Dari tulisan di atas, dapat dilihat bahwa perbedaan sudut pandang terhadap kampus dan rumah akan menimbulkan perbedaan aktivitas. Dalam skala yang lebih besar, yaitu kehidupan dunia, prinsip ini juga berlaku. Perbedaan sudut pandang atas kehidupan akan menimbulkan gaya hidup yang berbeda.
Ada salah satu lagu yang dinyanyikan oleh grup musik Bimbo yang memberikan salah satu sudut dalam memandang kehidupan dunia.
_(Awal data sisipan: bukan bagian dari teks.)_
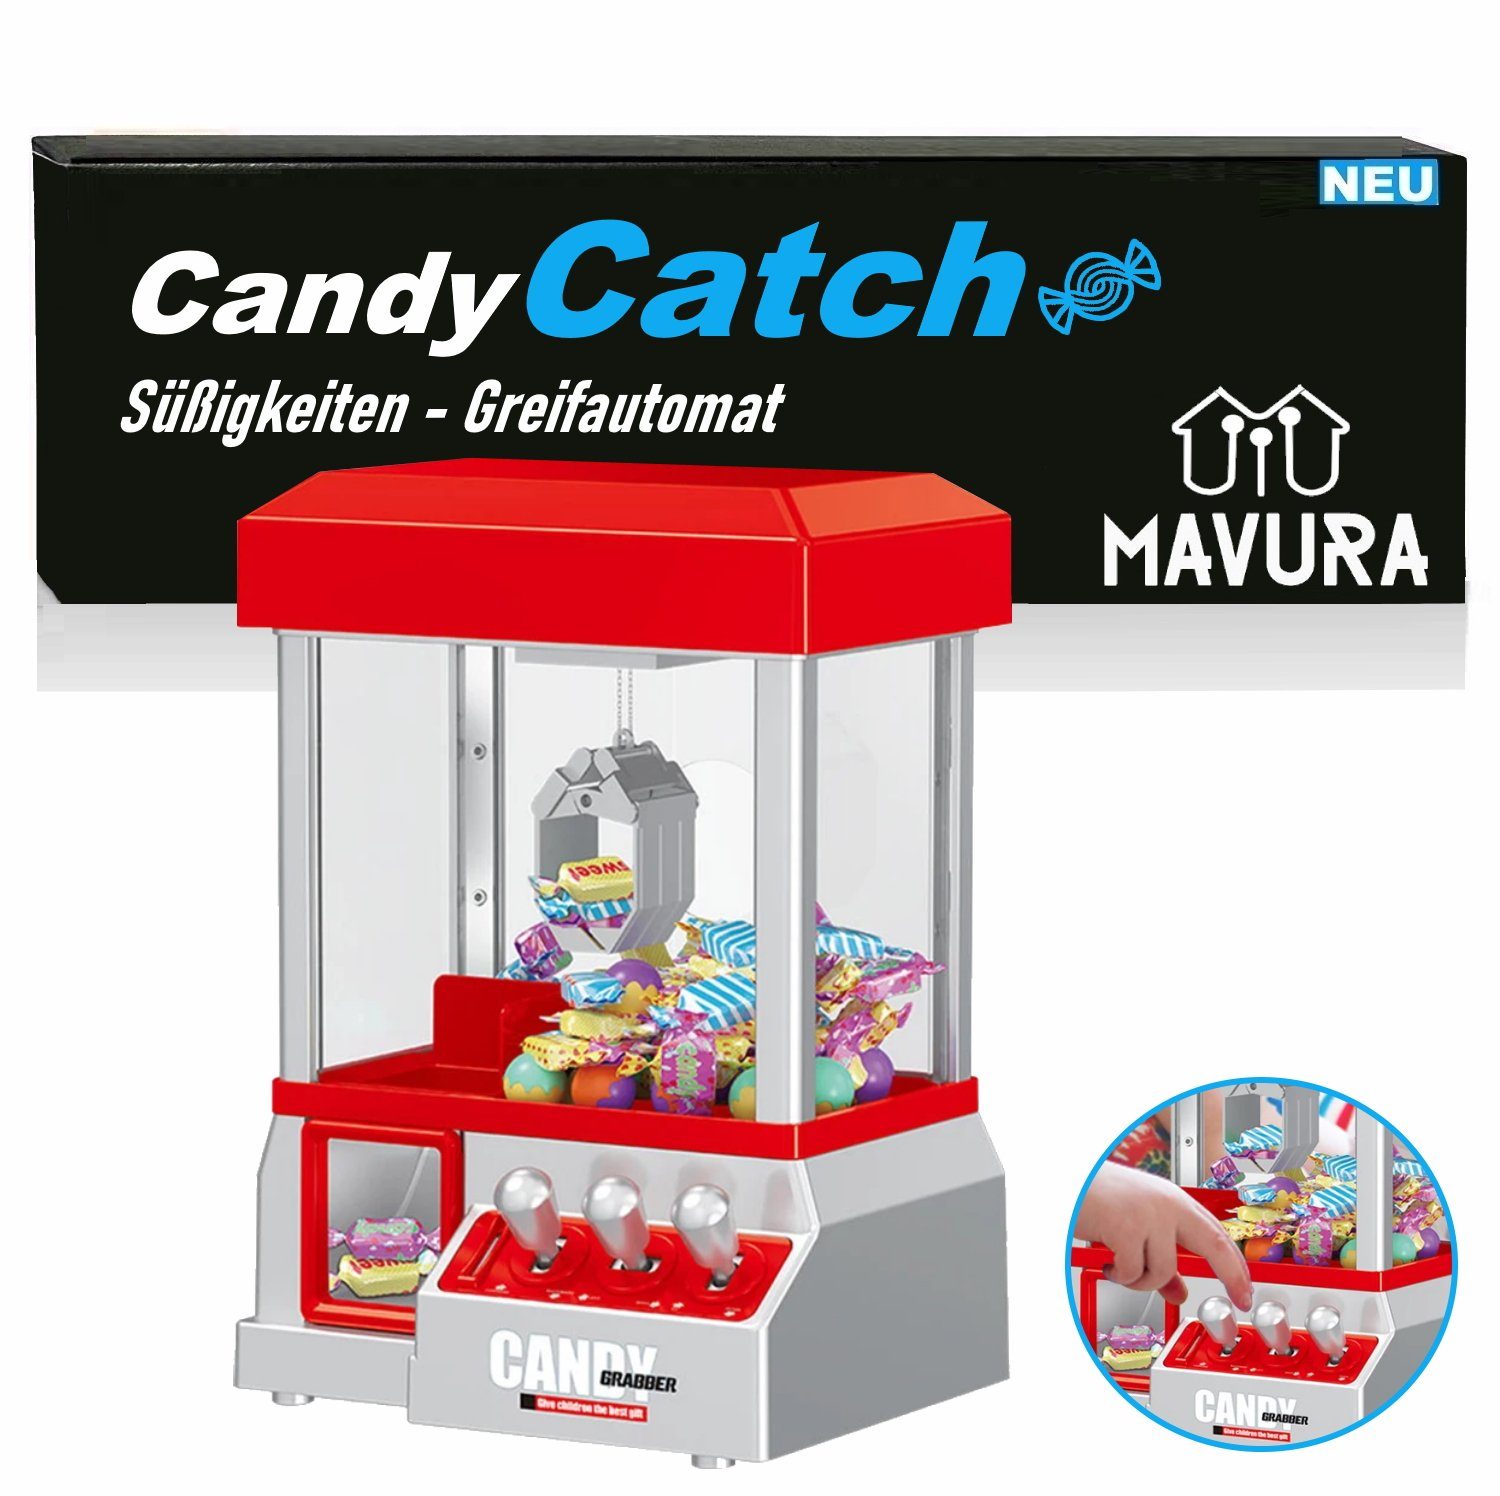 MAVURA Spiel, CandyCatch Süßigkeiten Greifautomat Candy Grabber Mini, Süßigkeitenautomat Spielautomat
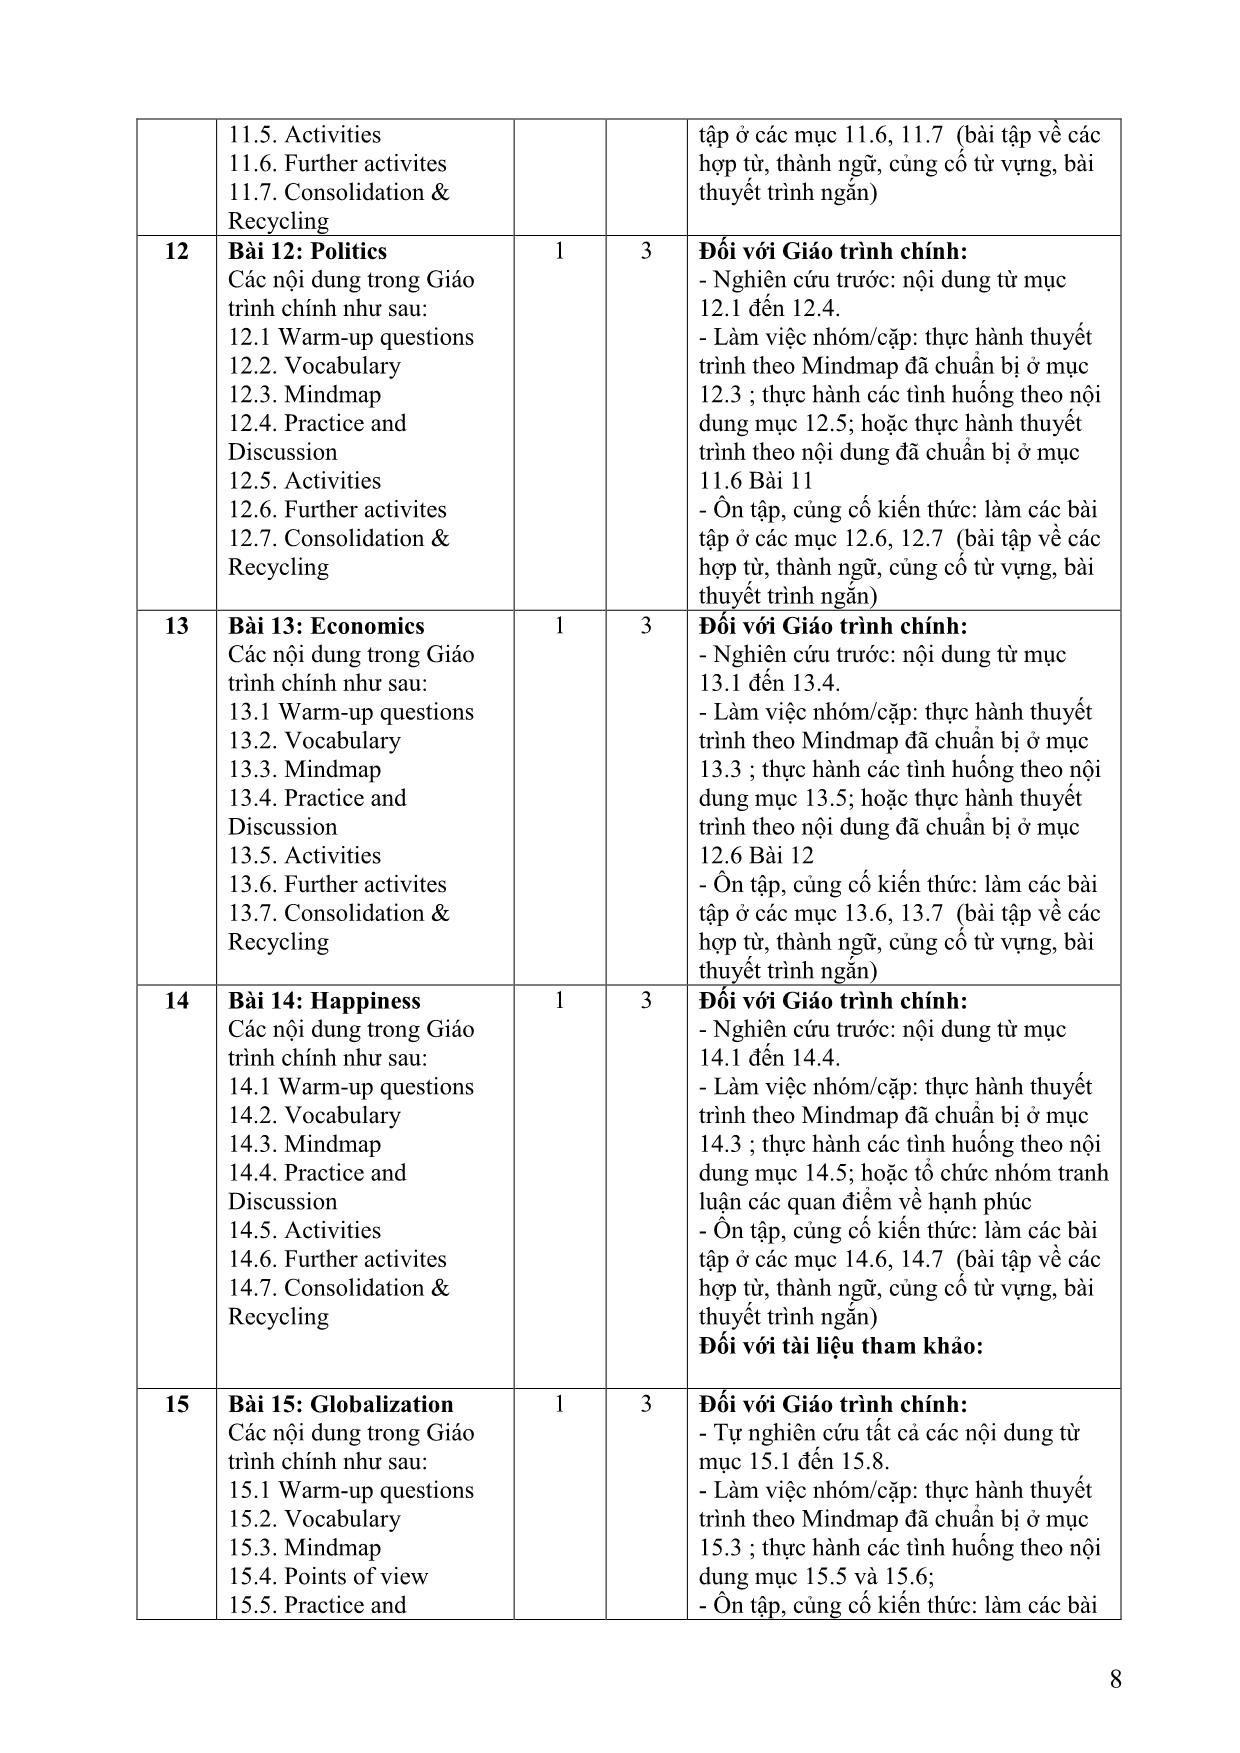 Đề cương chi tiết học phần Nói tiếng Anh 2 (Speaking 2) trang 8

Lagu tersebut berjudul “Sajadah Panjang”. Lagu yang mengibaratkan manusia selama berada di dunia sedang berada di atas sajadah. Ujung dari sajadah adalah kuburan yang menjadi pintu masuk ke alam barzakh. Berikut penggalan lirik lagunya:
Ada sajadah panjang terbentang.Dari kaki buaian.Sampai ke tepi kuburan hamba.Kuburan hamba bila mati.Ada sajadah panjang terbentang.Hamba tunduk dan sujud.Di atas sajadah yang panjang ini.Diselingi sekedar interupsi.Mencari rezeki mencari ilmu.Mengukur jalanan seharian.Begitu terdengar suara azan.Kembali bersimpuh hamba.
Kehidupan di dunia, berdasarkan lagu Sajadah panjang, bisa diibaratkan berada di atas sajadah. Jika seseorang memandang hidup di dunia seperti berada di atas sajadah maka yang mendominasi aktifitasnya adalah aktifitas-aktifitas yang sering dilakukan di atas sajadah yaitu beribadah. Pada dasarnya tujuan hidup utama manusia adalah untuk beribadah. Allah SWT berfirman:
Dan Aku (Allah) tidak menciptakan jin dan manusia melainkan supaya mereka mengabdi kepada-Ku. (QS. Adz-Dzariyat ayat 56)
Seseorang yang berusaha tidak melanggar perintah Tuhan, pada dasarnya ia sedang beribadah. Di dalam mencari nafkah ia berusaha menghindari penghasilan yang haram. Di dalam bergaul ia berusaha tidak menyakiti orang lain. Itu ia lakukan karena ia merasa sedang berada di atas sajadah.
Tetapi tentu tidak semua orang memandang dunia adalah sajadah. Bisa jadi ada yang memandangnya sebagai kafe untuk tempat bersantai. Ada yang memandangnya sebagai kantor untuk bekerja mengumpulkan harta. Sudut pandang yang diambil akan terlihat dari aktifitas yang paling dominan dalam hidupnya. Jadi menurut Anda, dunia ini apa?